Filed under: Capitalism, Economy, Election 2012, Foreign Policy, Freedom, Military, National Security | Tags: Addressing Terrorism, American Foreign Policy, The Commander In Chief Test
Last night Bob Schieffer did a fine job of moderating and keeping the focus on the candidates. Governor Romney came to the debate, opting for a strategy that demonstrated his familiarity with the problems of the world, his ability to focus on what is important, and remaining cool and confident.
Many of his supporters, incensed by the scandal of the administration’s bungling of the Benghazi attack, expected the governor to take him on, and were disappointed. Romney was absolutely clear on what it was all about. A successful foreign policy depends on a strong America, and a strong America depends on a strong economy.
The Obama campaign had made a great effort to portray Mitt Romney as an out-of-touch rich businessman who got rich by nefarious means, attempting to describe Bain Capital as some kind of corporate raider, and Romney as callous and uncaring. It’s true, he is rich. But the first debate where Obama seemed unprepared, contemptuous and snarky revealed a Mitt Romney who was completely different from the Obama team’s portrayal. Here was a businessman who believed his success at reviving and growing businesses, rescuing the Salt Lake Winter Olympics from scandal and financial crisis, and as a successful governor gave him the tools to successfully tackle an economy far too long in recession.
1. Obama has done a bad job of being president. The economy he inherited was indeed in deep trouble, but the recession he “inherited” from George W. Bush ended (officially) in June 2009. He simply did not have the skill set to address it, and had the wrong ideas about what to do. He also inherited a dangerous world, and failed to understand how to make it safe. The country is far from better off after four years. A president who cannot say the word “terrorism” does not clearly understand today’s world.
2. Mitt Romney, in person, was obviously not the scary fellow portrayed by the Obama campaign. He was a successful businessman who had learned a lot of lessons in 25 years of growing companies and creating jobs, and has sound ideas about how to restore the economy and create jobs. America has enormous wealth in energy, and out abundant supplies of cheap natural gas can fuel a resurgent economy. People saw a Romney that was not only what he appeared to be, but clearly someone who could do the job.
Obama clearly failed the first debate. Even the most ardent Obama supporters were dismayed. So in the second debate, the unfortunate Townhall format, Obama came back ready for battle, angry, snarky, aggressive, belligerent, with an attack still based on Democrat campaign ads that portray that out-of-touch rich fellow. Romney seemed presidential, focused, in command of facts and figures.

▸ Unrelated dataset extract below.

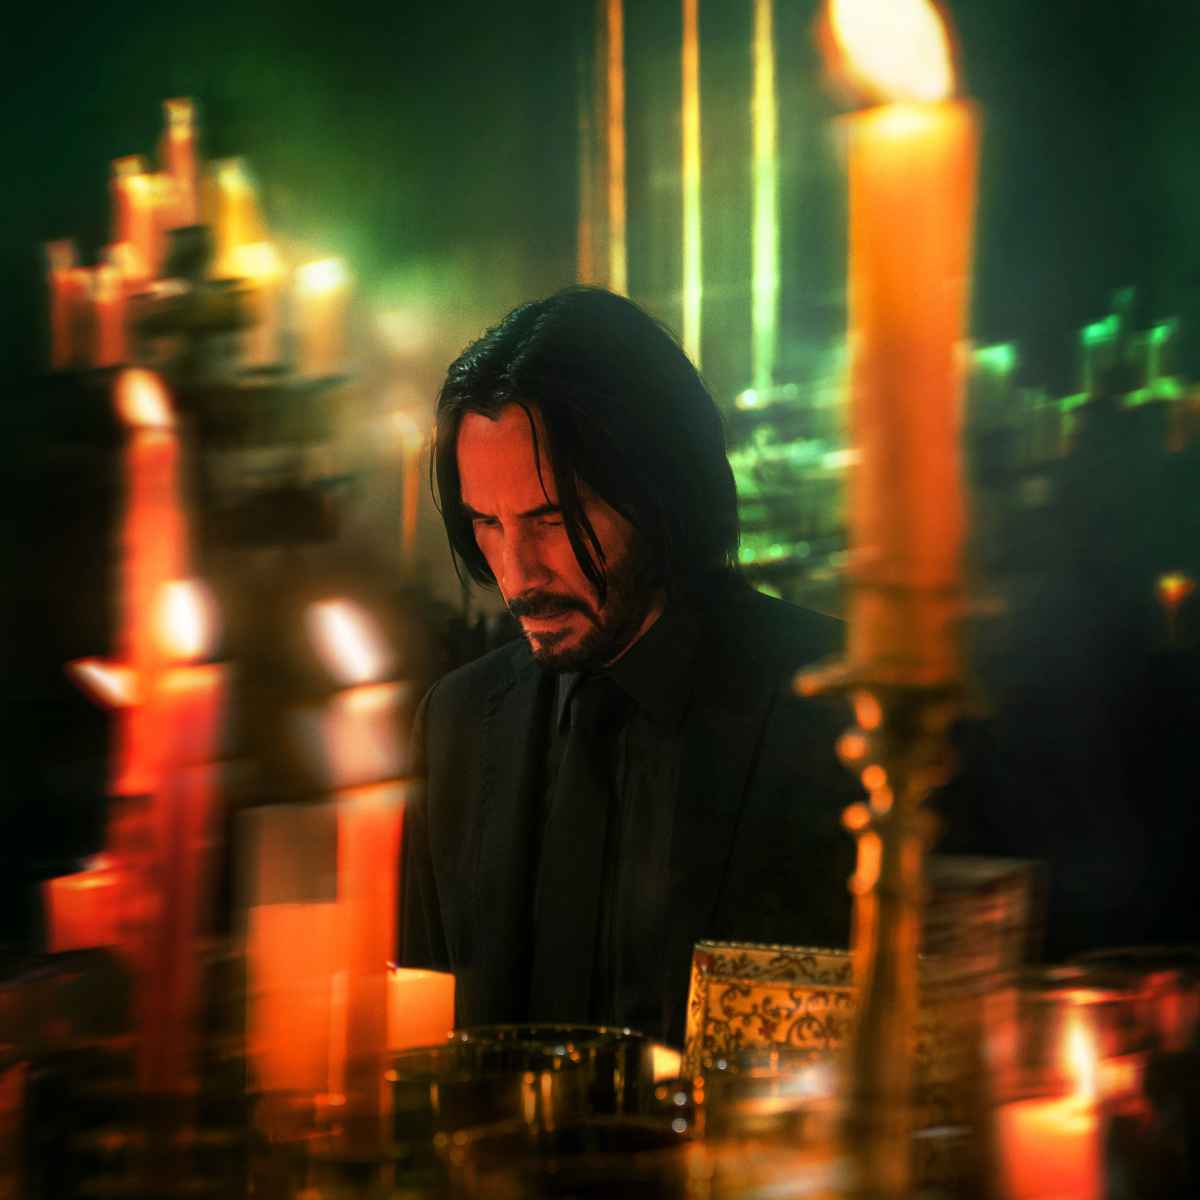 John Wick: Chapter 4 Trailer and Posters!

Last night, if Governor Romney seemed restrained, controlled and presidential, Obama seemed like the desperate challenger. He gazed steadily at Romney with what twitterers called “the death stare” and was snarky and condescending. The exchange about the Navy was telling. Obama tried to claim that the military doesn’t want or need the men and equipment that he is trying to eliminate. This is a flat-out lie. The Military is screaming bloody murder to the extent they can while still respecting the authority of the Commander in Chief.
Romney responded that Obama’s cuts to the Navy would take the Navy back to its state in 1916. Obama responded that the nature of the military had changed and we now had ships with flat surfaces that planes land on, and other kinds of ships that go underwater, nuclear submarines, and furthermore perhaps Romney didn’t realize that the military didn’t depend on horses and bayonets any more. Um, the Navy doesn’t call them ships, they call them boats, and the military in Afghanistan has depended on horses, and every Marine gets extensive training in bayonet use, because they are still needed in close combat. This was supposedly a good line for Obama according to his supporters who are a little fuzzy on things military, but it infuriated members of the military and veterans who were appalled by presidential misinformation.
Romney did tackle Obama on his “Apology Tour,” to which Obama responded that reporters would tell him that there was no apology. Well, yes the compliant media perhaps would. Obama’s apology for “dictating to other nations” drew the response from Governor Romney that “America does not dictate to other nations; America has freed other nations from dictators.”
Romney may not have been aggressive in the final debate, but he was presidential, clear and absolutely focused. He passed the Commander in Chief test.